Abstract

Objective and subjective quality of sleep and awakening as well as circadian rhythms in cortisol, temperature and well-being were investigated in 10 female hospitalized depressed patients diagnosed as major depressive disorders according to RDC criteria before (baseline), during (intervention) and after (recovery) treatment with biologically active or bright light (BL) and were compared with the findings in 10 normals. Polysomnographic evaluation demonstrated in depressed patients an increased sleep latency, decreased total sleep time, attenuated S4 and augmented REM sleep, as well as a shortened REM latency and a statistically significant increased average REM length as compared with normals. BL tended to shorten sleep onset, decrease number of awakenings, increase REM latency and significantly attenuated the average REM length. Subjective sleep quality tended to improve as did the subjective awakening quality after the recovery night. There was, however, a statistically significant improvement of the objectively evaluated quality of awakening and early morning behavior characterized by an improved attention, reaction time and performance in the reaction time task, while concentration and psychomotor activity tended to improve as as well.
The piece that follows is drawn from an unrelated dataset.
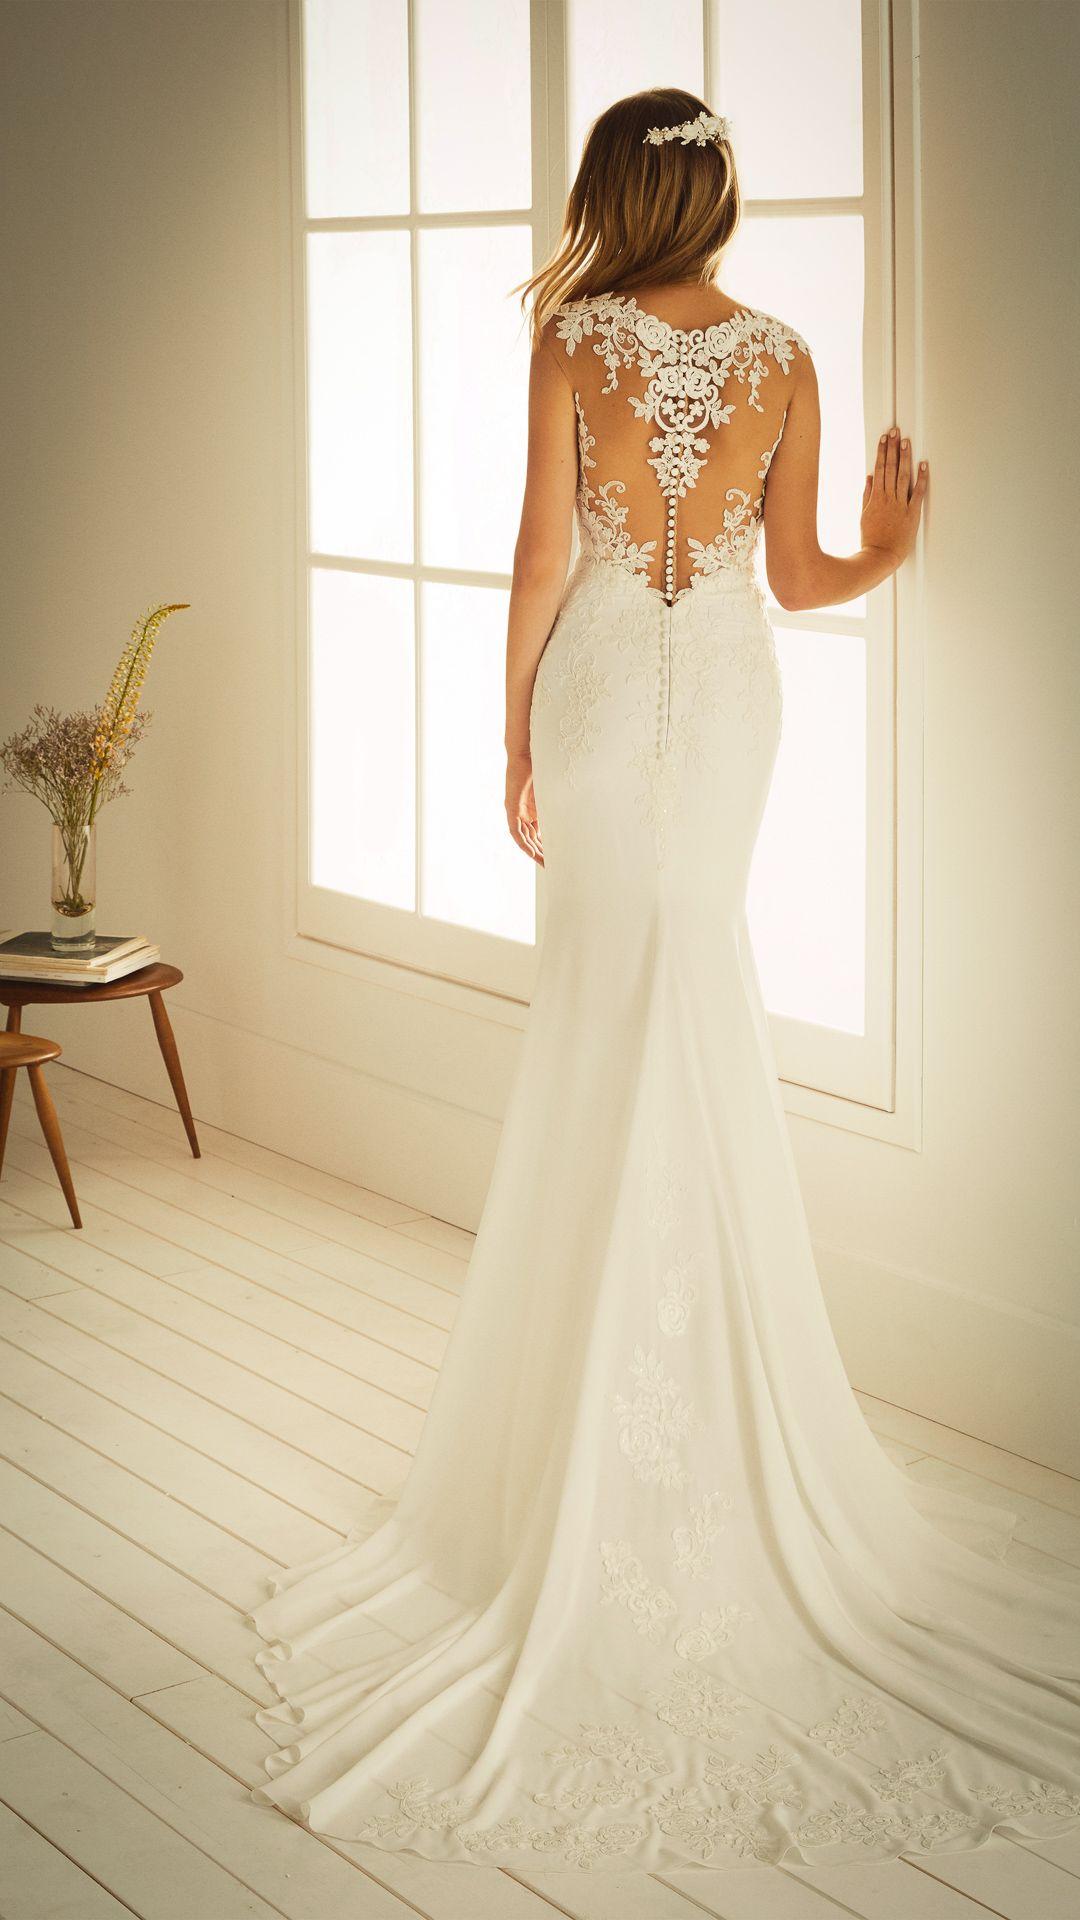 Hochzeitskleider 20 White One Kollektion Modell: OCALA-C

BL effects were also seen in hormonal secretion patterns: circadian cortisol secretion maxima occurred earlier in depressed patients than in normals before and after BL treatment, while during BL intervention this difference disappeared. Circadian temperature rhythms did not exhibit any significant findings with the exception of an earlier occurring minimum in depressed patients than in normals after treatment. Finally, subjective well-being as rated by means of an analogue scale was significantly worse in depressed patients than normals before but not during and after light treatment. The findings are discussed.